After each of the above hardware is established, it is made into an integrated circuit as shown in Figure 2.
Upper computer software
The upper computer of the system is responsible for detecting and analyzing the pet’s physiological information. Users can view the real-time physiological data of the pet dog and the emotional feedback obtained through the analysis of the insinuation relationship on the mobile APP through the supporting software of the upper computer.
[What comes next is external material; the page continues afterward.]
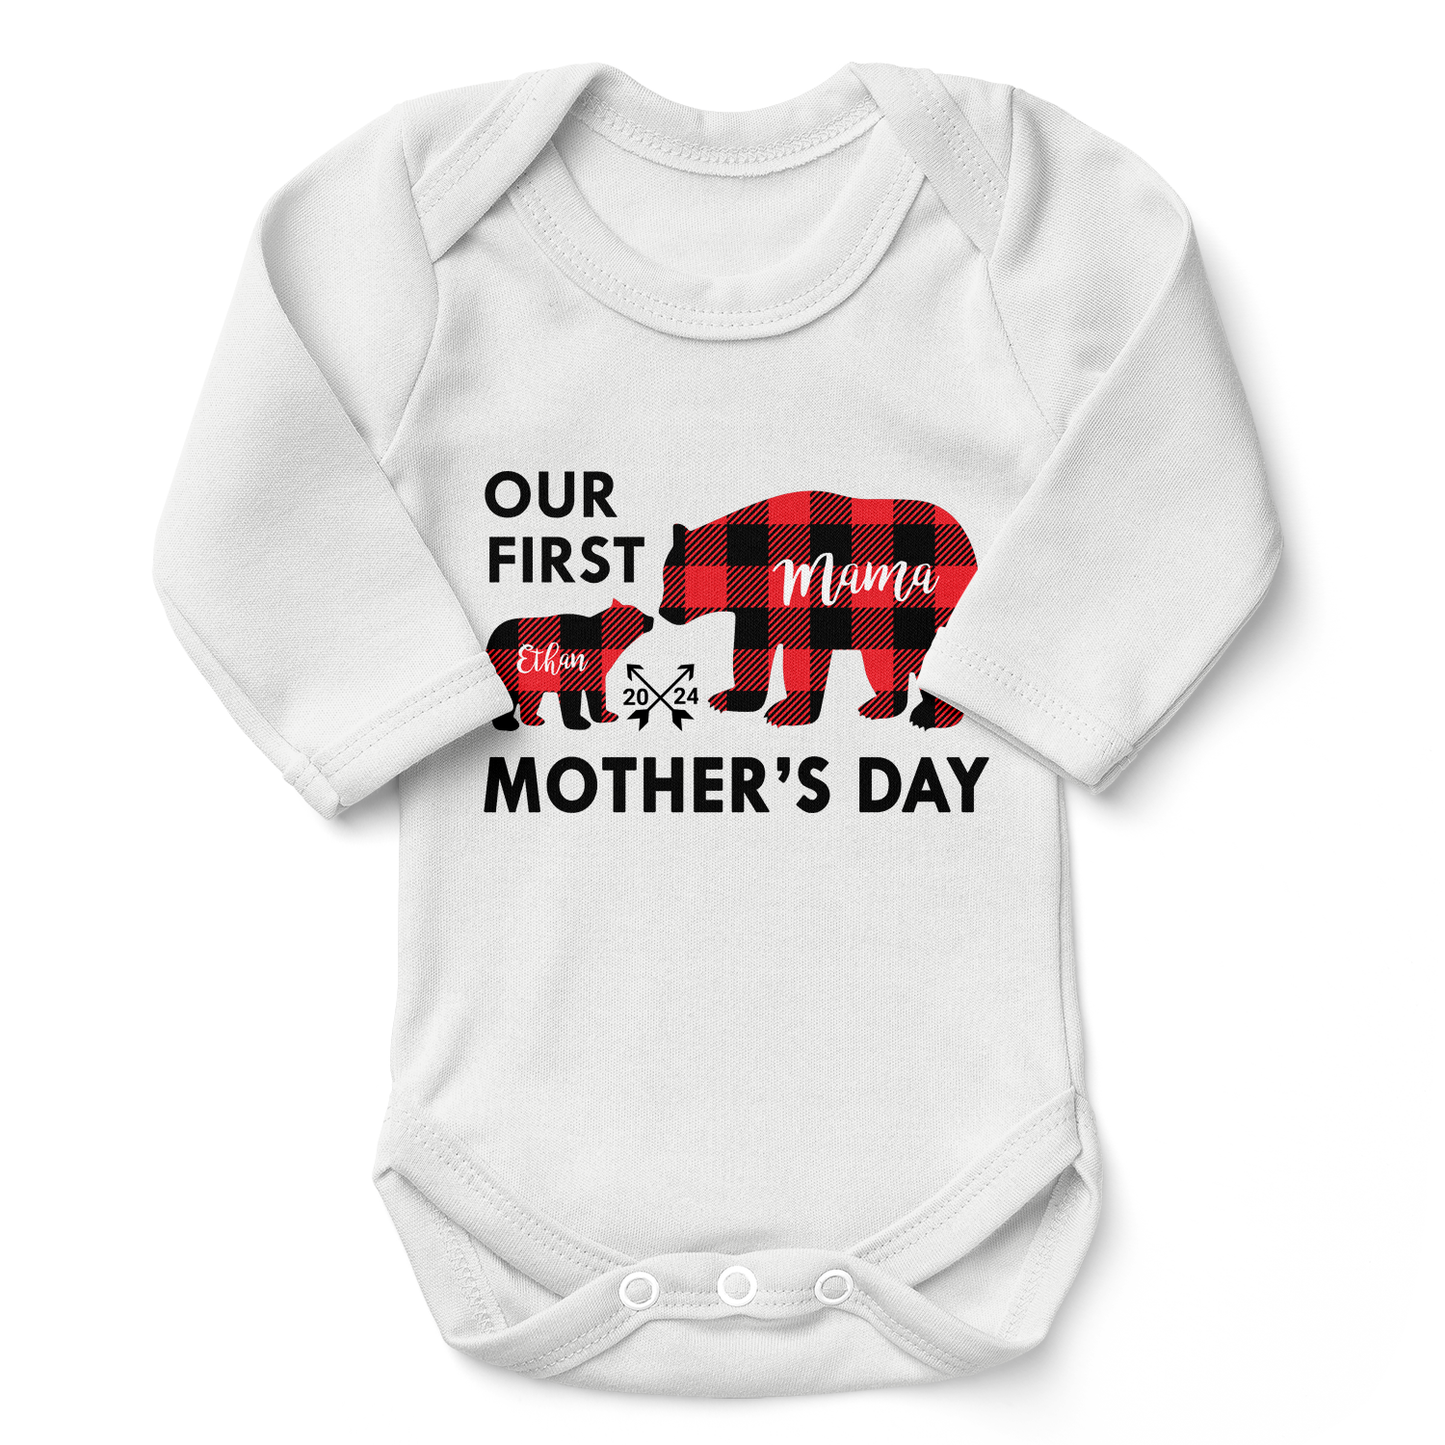 Endanzoo Personalized Matching Mom & Baby Organic Outfits - First Mother's Day 2024 (White)

In the IoT platform to develop the relevant APP (Pet Supervision), the product and set up the configuration, in the development tool Iot Studio to design the APP interface and configure the data source, the communication protocol is http. data receiving choose to use the AliCloud platform (Alibaba Cloud Computing Co. Ltd, Hangzhou, China) to build the IoT model and build the web end. Using Arduino IDE to write the program, before writing the program need to download the appropriate coding library to support the compilation and burning of different hardware. For the interconnection between the microcontroller and the Aliyun server, the AliyunIoTSDK function is compiled inside the AliyunTSDK function to configure the Aliyun ternary group. The configured code is burned to the ESP 8266 processor through the USB connection cable. Upload the real-time monitoring data of each sensor received by the microcontroller to the cloud platform through the WIFI module and build the basic environment for the APP data display on the user side.
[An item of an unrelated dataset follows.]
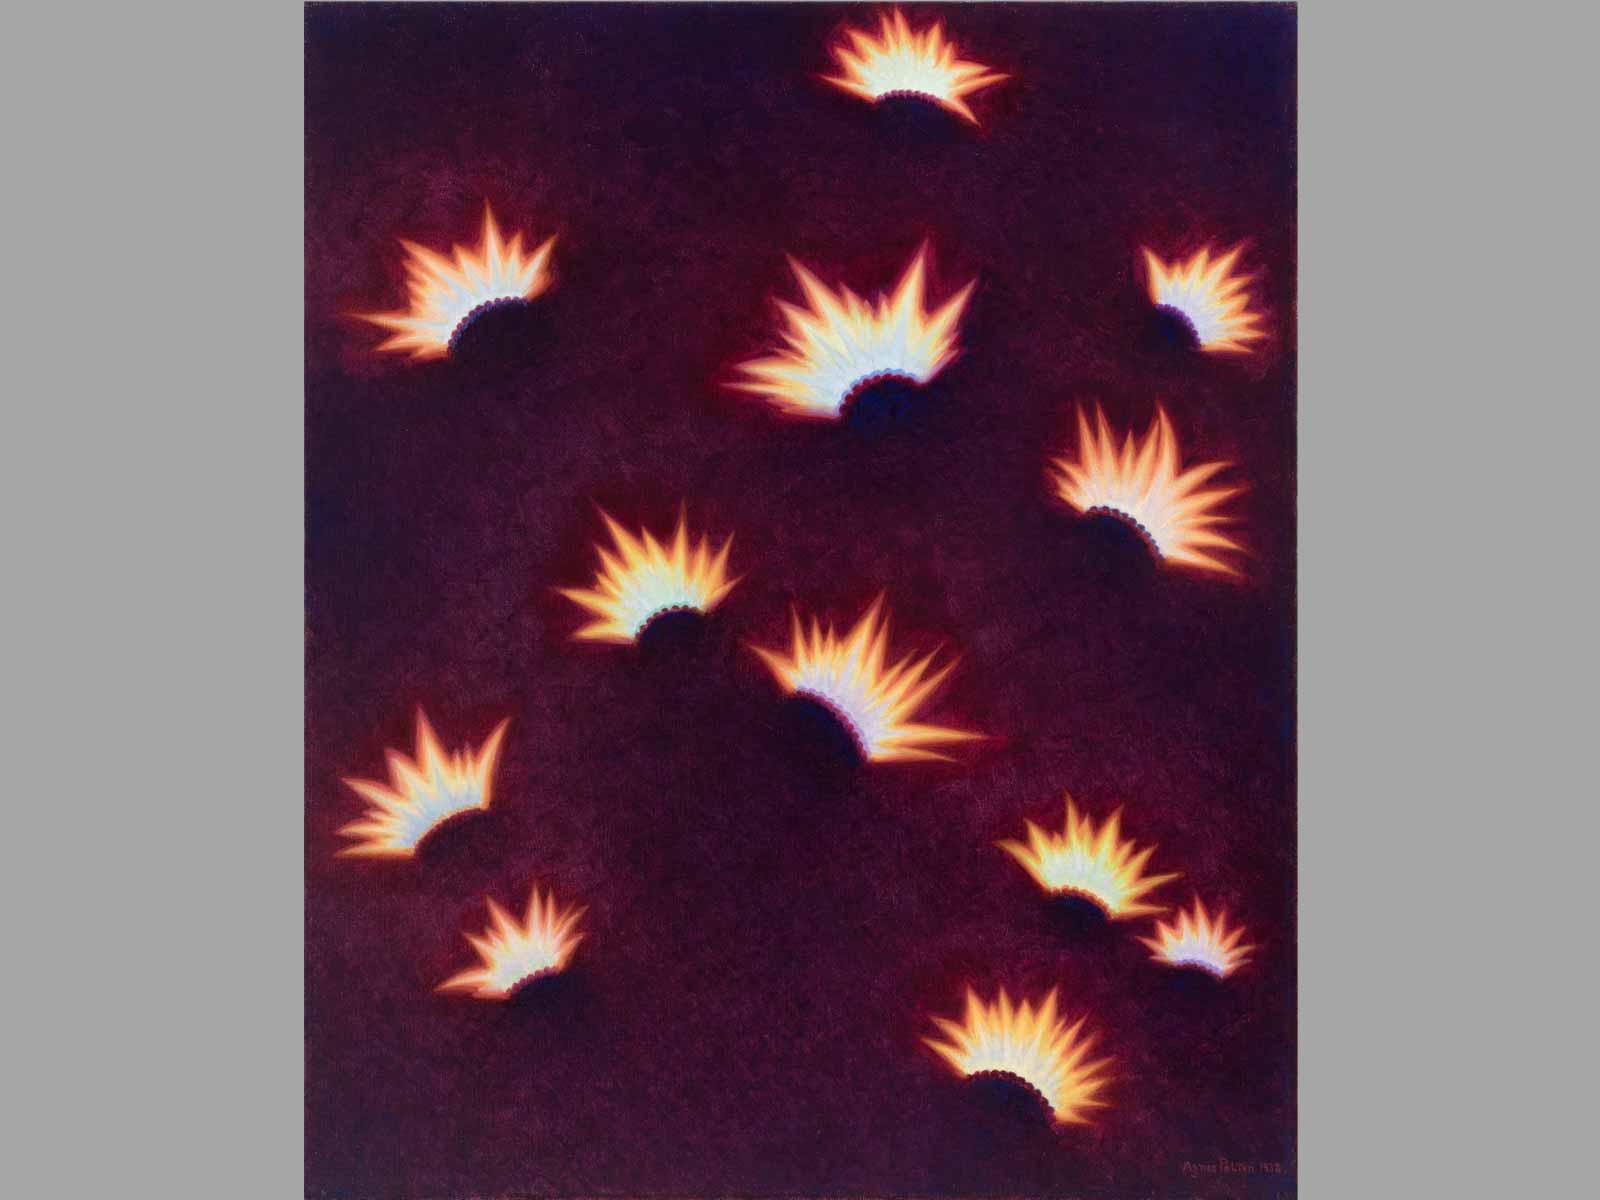 Agnes Pelton, Fires in Space, 1933.

In the monitoring service interface of the APP’s page design, the user can obtain real-time information related to the pet’s heart rate, temperature, respiratory rate, mood and the switch status of the smart clothing, and export the history of the pet dog’s physiological data through the data log, which can help the pet dog to seek medical treatment for auxiliary reference. The software interface is shown in Figure 3.
Software monitoring interface diagram: left (Angry), right (Clam).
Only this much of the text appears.